I suppose I came to the same place Margaret did, when she advised her sister, "Develop what you have." Like Margaret's lack of love for children, there are certain things I do not love, that I will never get used to, that rub me the wrong way in this faith in which I worship. (Like I said, I love the ninth article of faith). But this faith has given me things I cannot imagine living without: like knowing we have heavenly parents who watch for us, that my soul is eternal, that this body is for pleasure and pain, that we are allowed to ask questions and answers will be given, that progression and existence is never ending, that joy is the ultimate design of this existence, that the souls of my children and my husband predate me and my involvement in their lives so I must be courteous and kind, that learning to choose well is perhaps the greatest skill I could acquire.

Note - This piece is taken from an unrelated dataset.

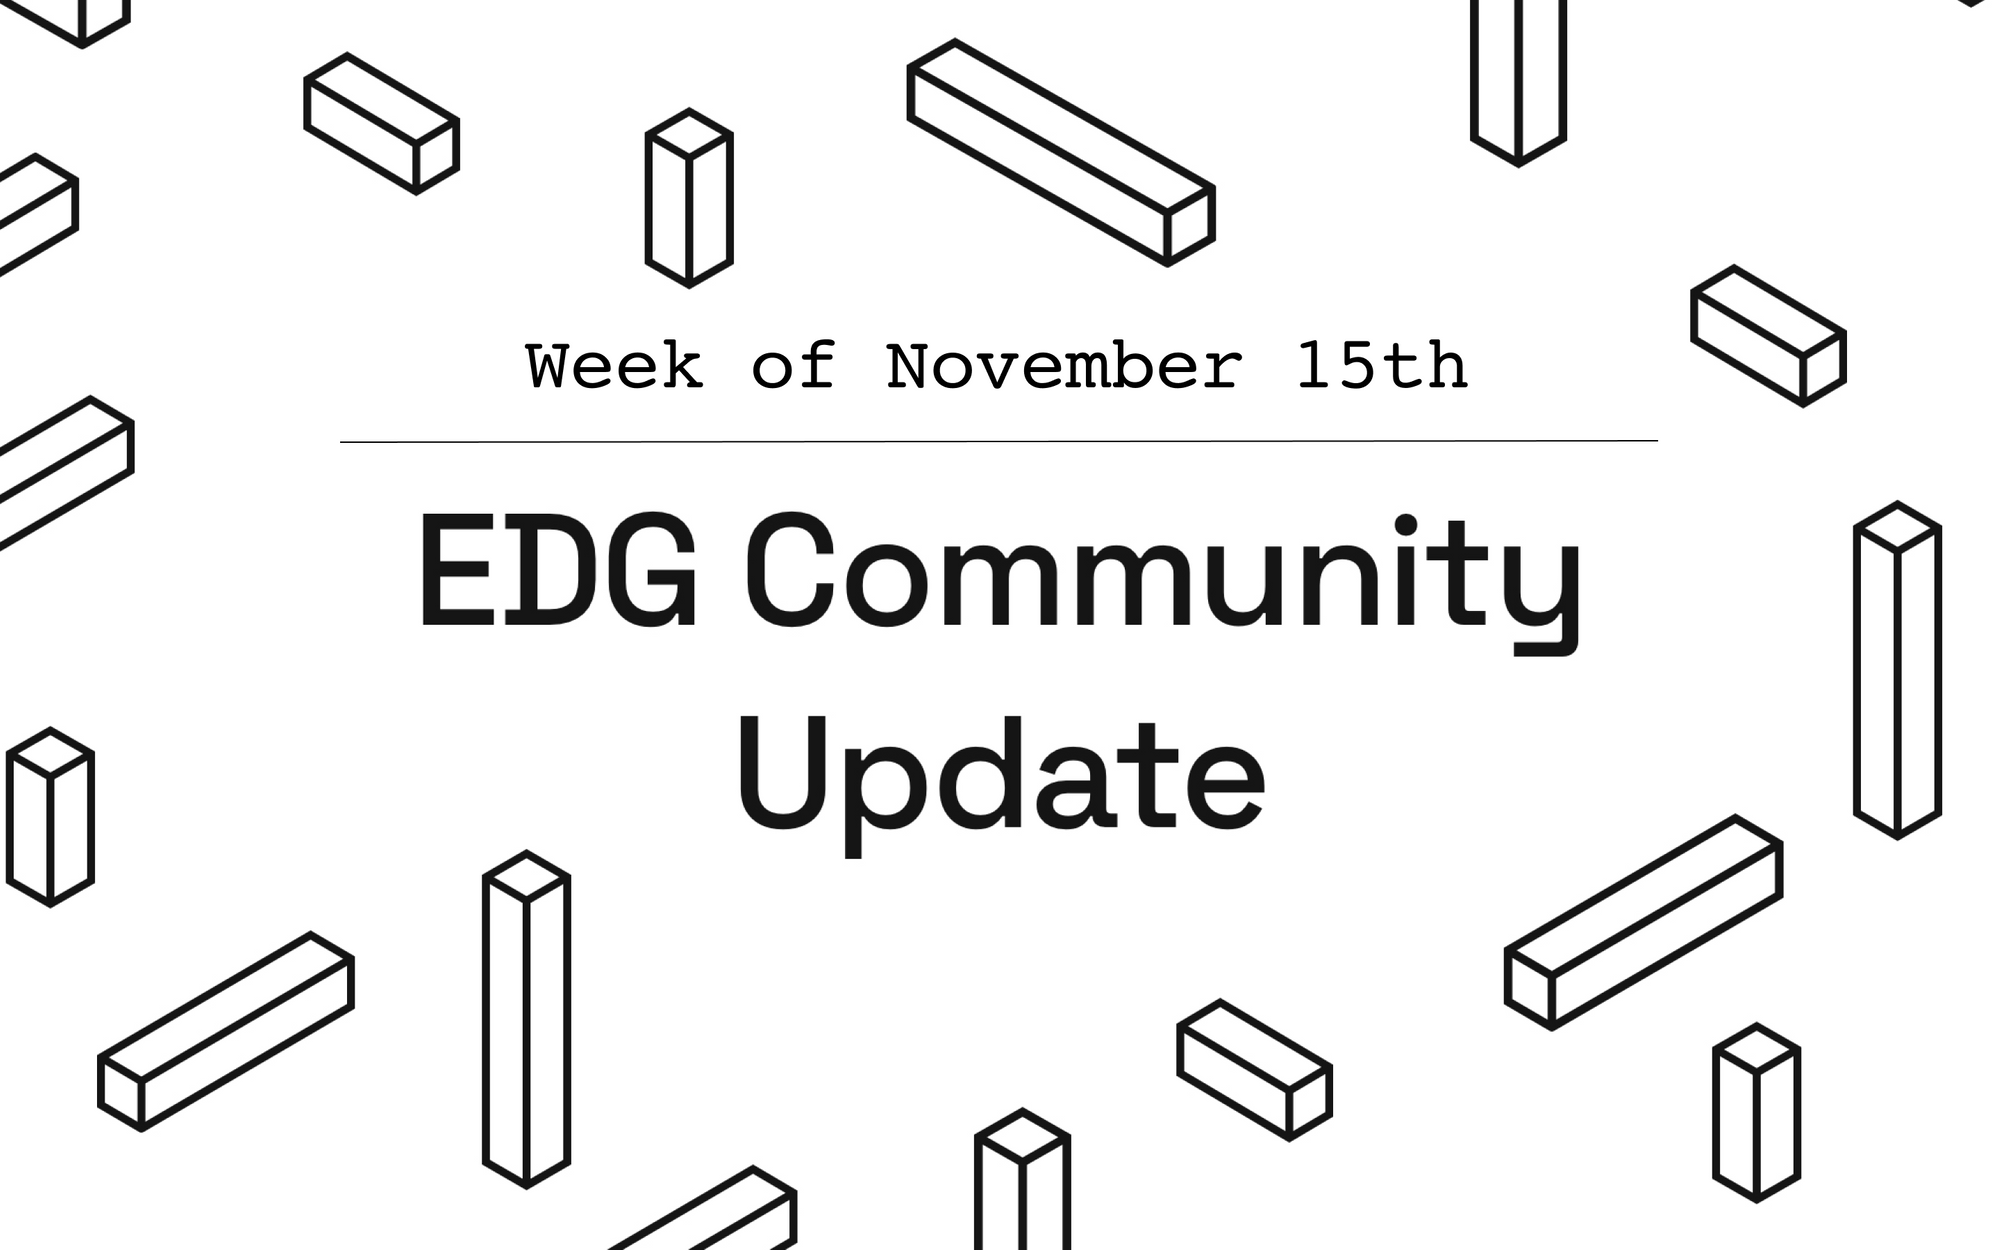 EDG Community Update: Week of November 15th
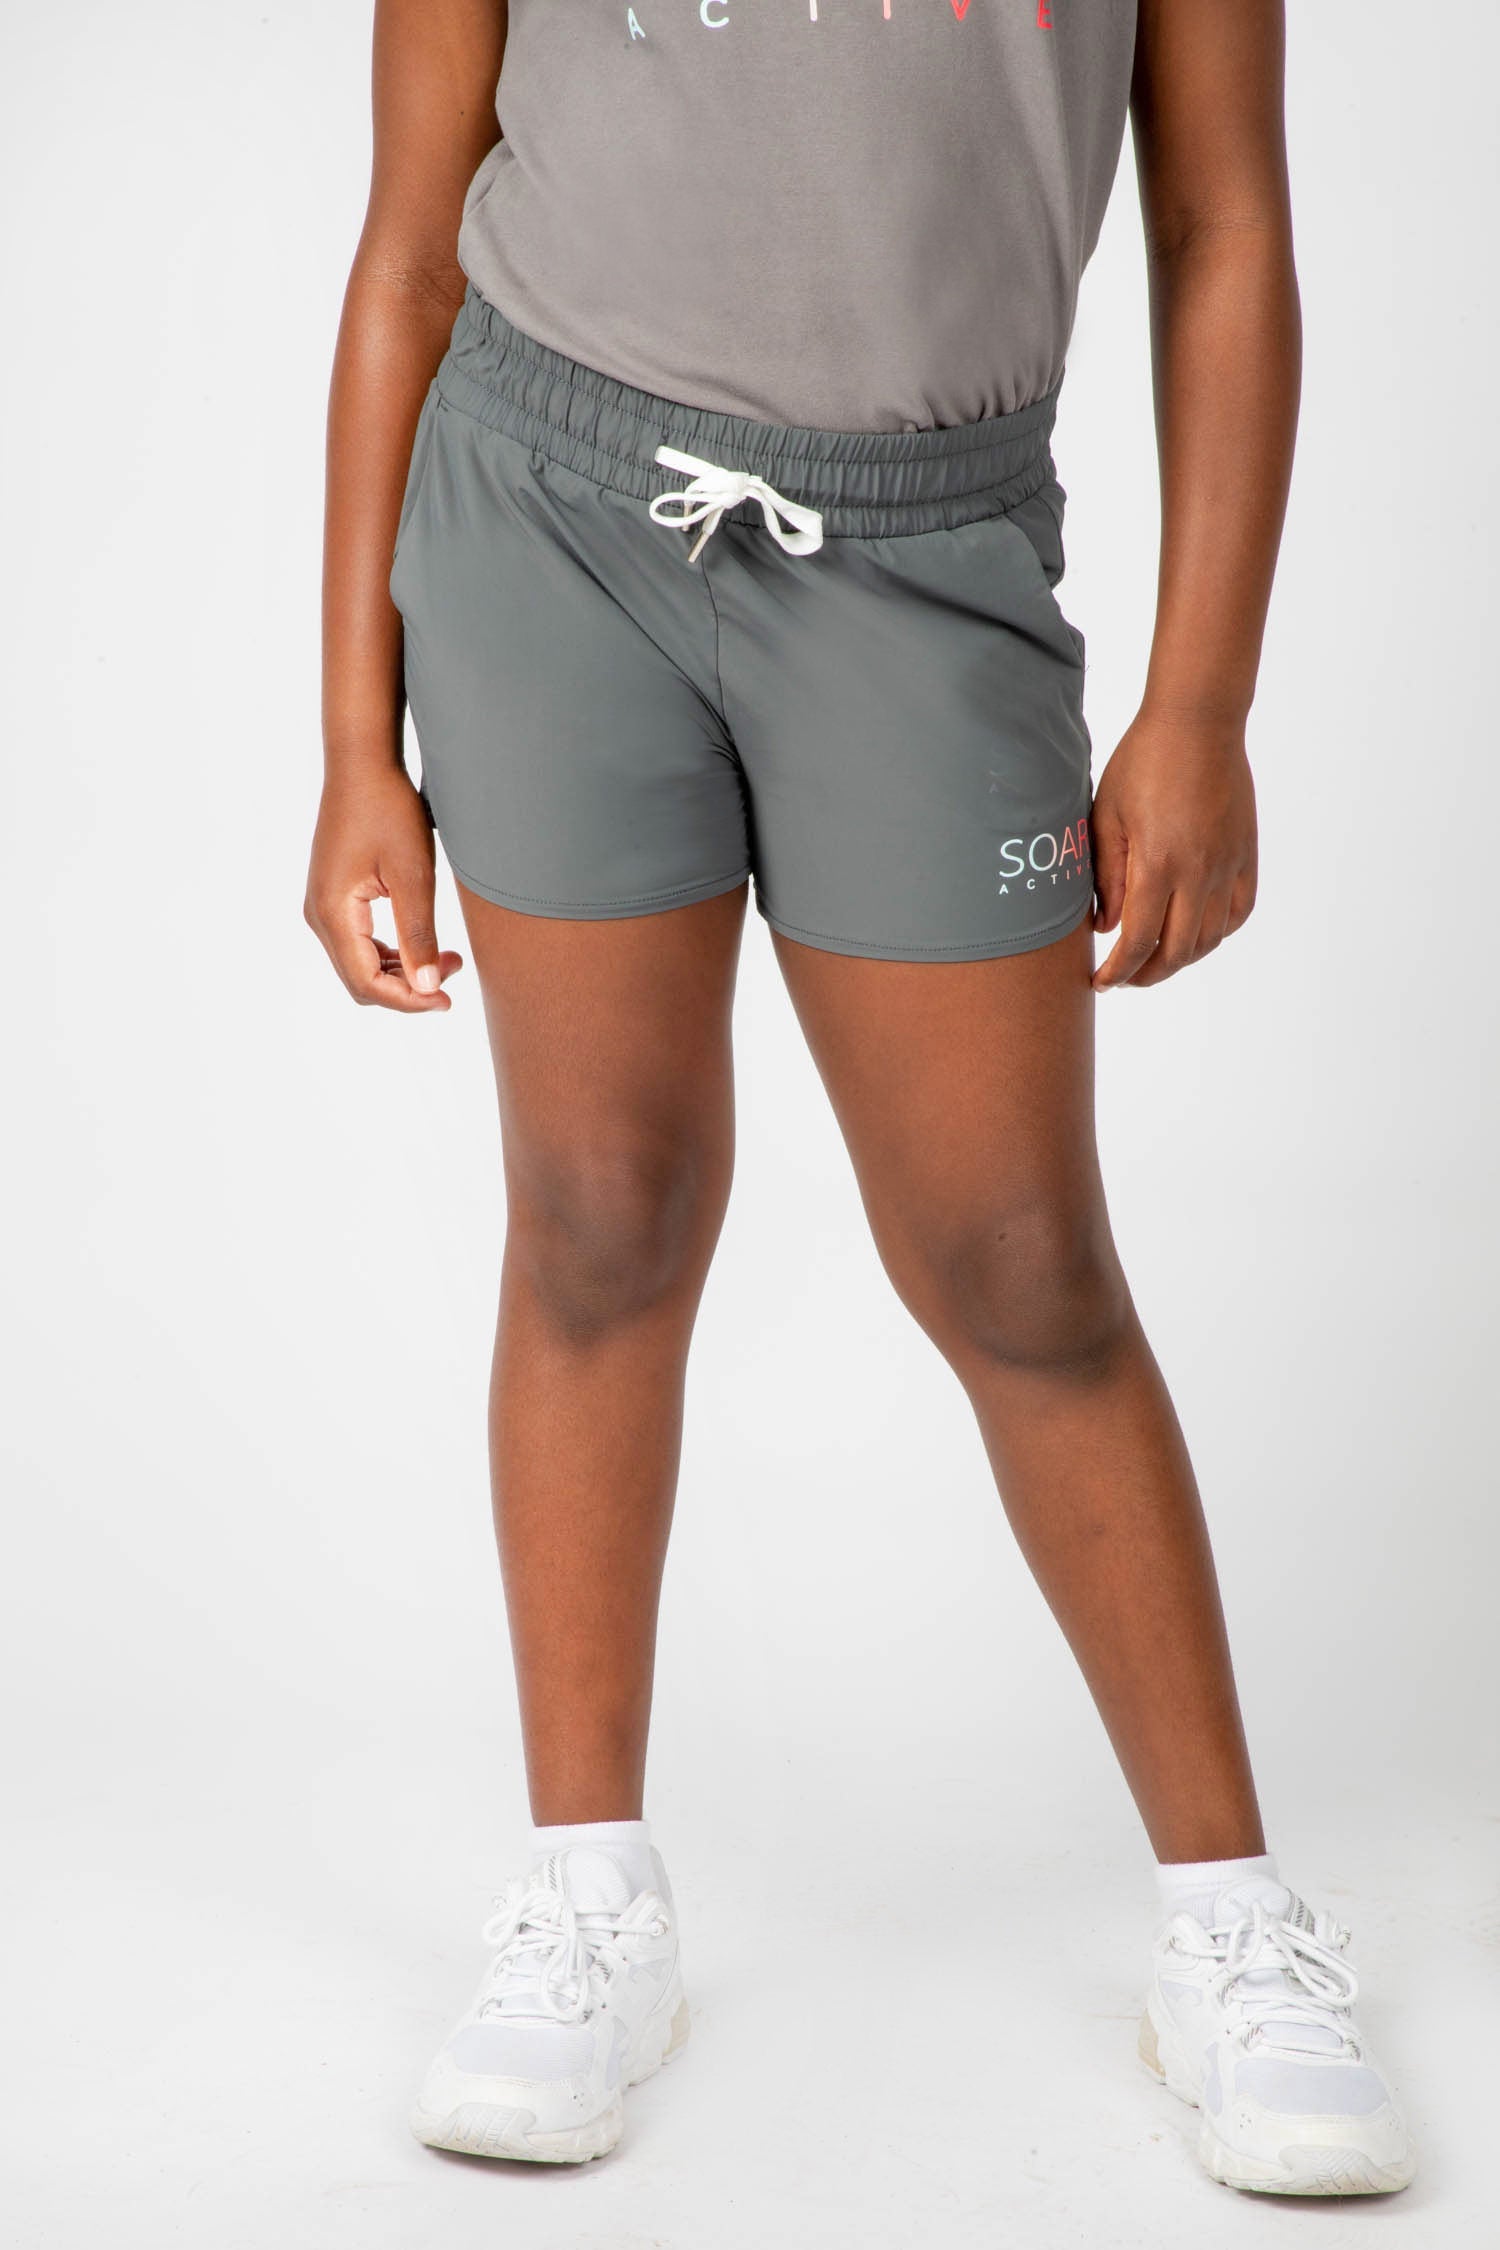 Soar Active Shorts XS / Charcoal Rise Run Short

So (I'm not resisting well the literary urge to wrap this up in a conclusion and pull out an obvious moral), I'm learning to live in my space with my leaves, pebbles and blossoms, and allowing the others who file in with me at 9.00 a.m. to bring whomever and whatever they need into their own. It's not easy; not easy to come face to face with those "eternal differences" and not find myself either morally deficient or superior. I'm thinking I need to let the ideas/words/assertions come to me and let them flow over me, like water or good memories, feeling the need, the necessity, the desire, just as fervent as mine, to believe.


Title: Mick Jagger, "Old Habits Die Hard"




18 comments:

  1. "The question in Sunday School last week was, 'Well, wouldn't you want to avoid all the pain and suffering associated with sin?' Offered, rhetorically, as if the only appropriate answer was, 'Yes, of course (idiot)' My response, unexpressed, felt like the wrong response."

    But isn't it 'through the pain and suffering associated with sin' that we learn and improve? We rejected the plan of everyone being forced down one path without the ability to choose for ourselves, to make our own mistakes and learn from them. Your response was not the wrong one and you were definitely not alone in your thoughts.

    I have been struggling to explain to others why it is so hard for me to go to church and why I feel so uncomfortable there. I think you've expressed those reasons perfectly: the feelings of inadequacy that it brings, of being the weed among all of the perfect lilies . . .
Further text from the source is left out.